Red Sox

Here’s why Don Orsillo wasn’t part of the Jerry Remy tribute

Orsillo was notably left out of the Red Sox' ceremony honoring Remy, Orsillo's former broadcast partner, on Thursday night.

Red Sox Jerry Remy
Boston Red Sox Hall of Famer Jim Rice records the moment as former teammates gathered to honor the late Jerry Remy. Barry Chin/Globe Staff

On a night at Fenway Park where the focus was supposed to be on a tribute to the late Jerry Remy, the Red Sox were caught in a maelstrom of backlash after Don Orsillo, Remy’s play-by-play partner on NESN’s game broadcasts for 15 years, tweeted that the team did not use a video message he had put together.

Orsillo, now a television play-by-play voice for the San Diego Padres, remains a sensitive subject for a large segment of Red Sox fans. The Red Sox and NESN underestimated his popularity in tandem with Remy when they decided not to renew his contract after the 2015 season, choosing instead to move Dave O’Brien over from the radio booth.


When news broke late that season that he would not be back, it led to a scene on the final day of the season in which Red Sox players came out of the dugout to salute Orsillo in the booth while he and Remy wiped away tears. Six years later, it remains a sensitive issue.

After messaging with Orsillo Wednesday night and talking to NESN and Red Sox personnel on background, this sounds more like a case of miscommunication than an intended slight, though it also must be noted that the Red Sox could have avoided all of this simply by showing his video.

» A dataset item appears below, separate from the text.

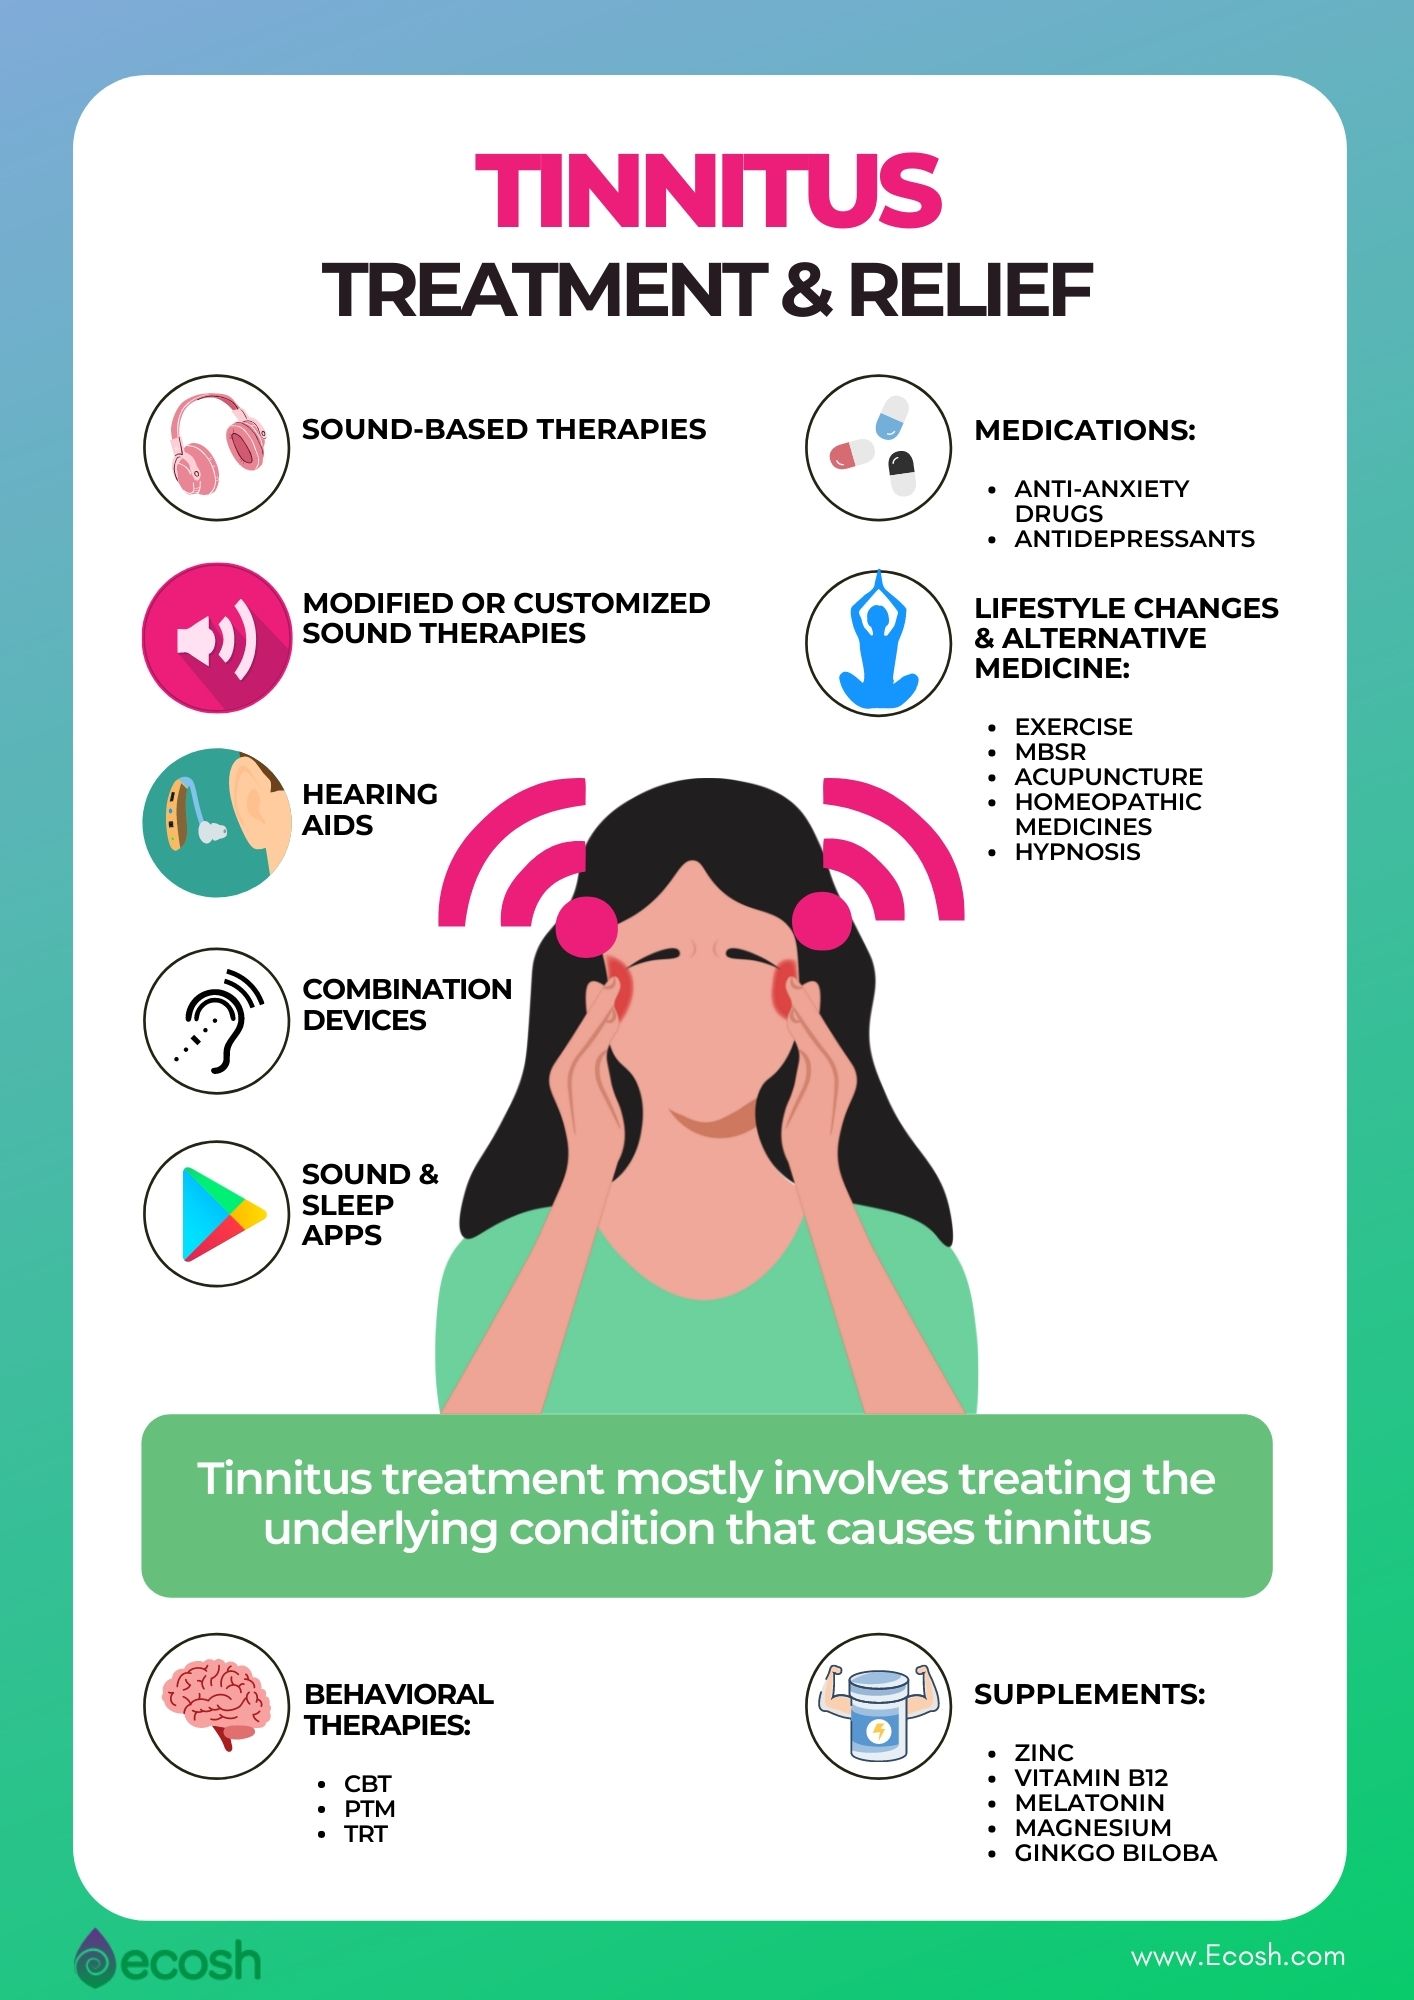 Ecosh_Tinnitus_Treatment_And_Relief

Here’s how the whole thing played out: The Red Sox did reach out to Orsillo approximately a week ago to be part of the ceremony in-person. Both the Red Sox and Orsillo acknowledge this, though there was some confusion initially about whether he was invited at all because he used the phrase “[it] wasn’t on the table” to explain why he couldn’t be here.

Orsillo clarified that he couldn’t make it because the Padres had a game in San Diego Thursday. He told the Red Sox this when they reached out a week ago, so they gave him the option of recording a video to be used in the ceremony, like he did for Dustin Pedroia’s retirement festivities last June.


Orsillo recorded a video and tried to send it to the Red Sox. He was told then, he said, that it wasn’t needed.

The Red Sox’ explanation? The suggestion of sending a video came before the ceremony had entirely been planned. Ultimately, the decision was made not to use any videos of speakers at all.

Given how it ended for Orsillo here, and his lingering disappointment about how it went down even with all the success he’s found in San Diego, it’s understandable fans would suspect the Red Sox were being petty. But it bears noting that Orsillo was a significant part of NESN’s hour-long tribute program to Remy. It’s not as if they are treating him as persona non grata.

Ultimately, the Red Sox should have found a way to show his video, which was roughly 30 seconds long. Sean McDonough, the play-by-play voice alongside Remy from 1996 through 2004 (in a smaller role later on) and the one who tagged him with the “RemDawg” persona, spoke at the ceremony. There should have been a way to let Orsillo acknowledge his late friend, too. And Orsillo should have waited to air his grievance for another day or two. It detracted from what was a remarkable ceremony, which included the return of many of Remy’s teammates from his playing days, including Carl Yastrzemski, Fred Lynn, Dwight Evans, and his old double-play partner, Rick Burleson, as well as NESN’s Jim Rice and Dennis Eckersley.


In a way, the whole controversy made me wonder what Remy would have said about it. Whenever something ridiculous would happen involving NESN and the Red Sox, I’d inevitably get a text from him that said something along the lines of, “Can you believe this [nonsense]?”

He is deeply missed, which was supposed to be the point.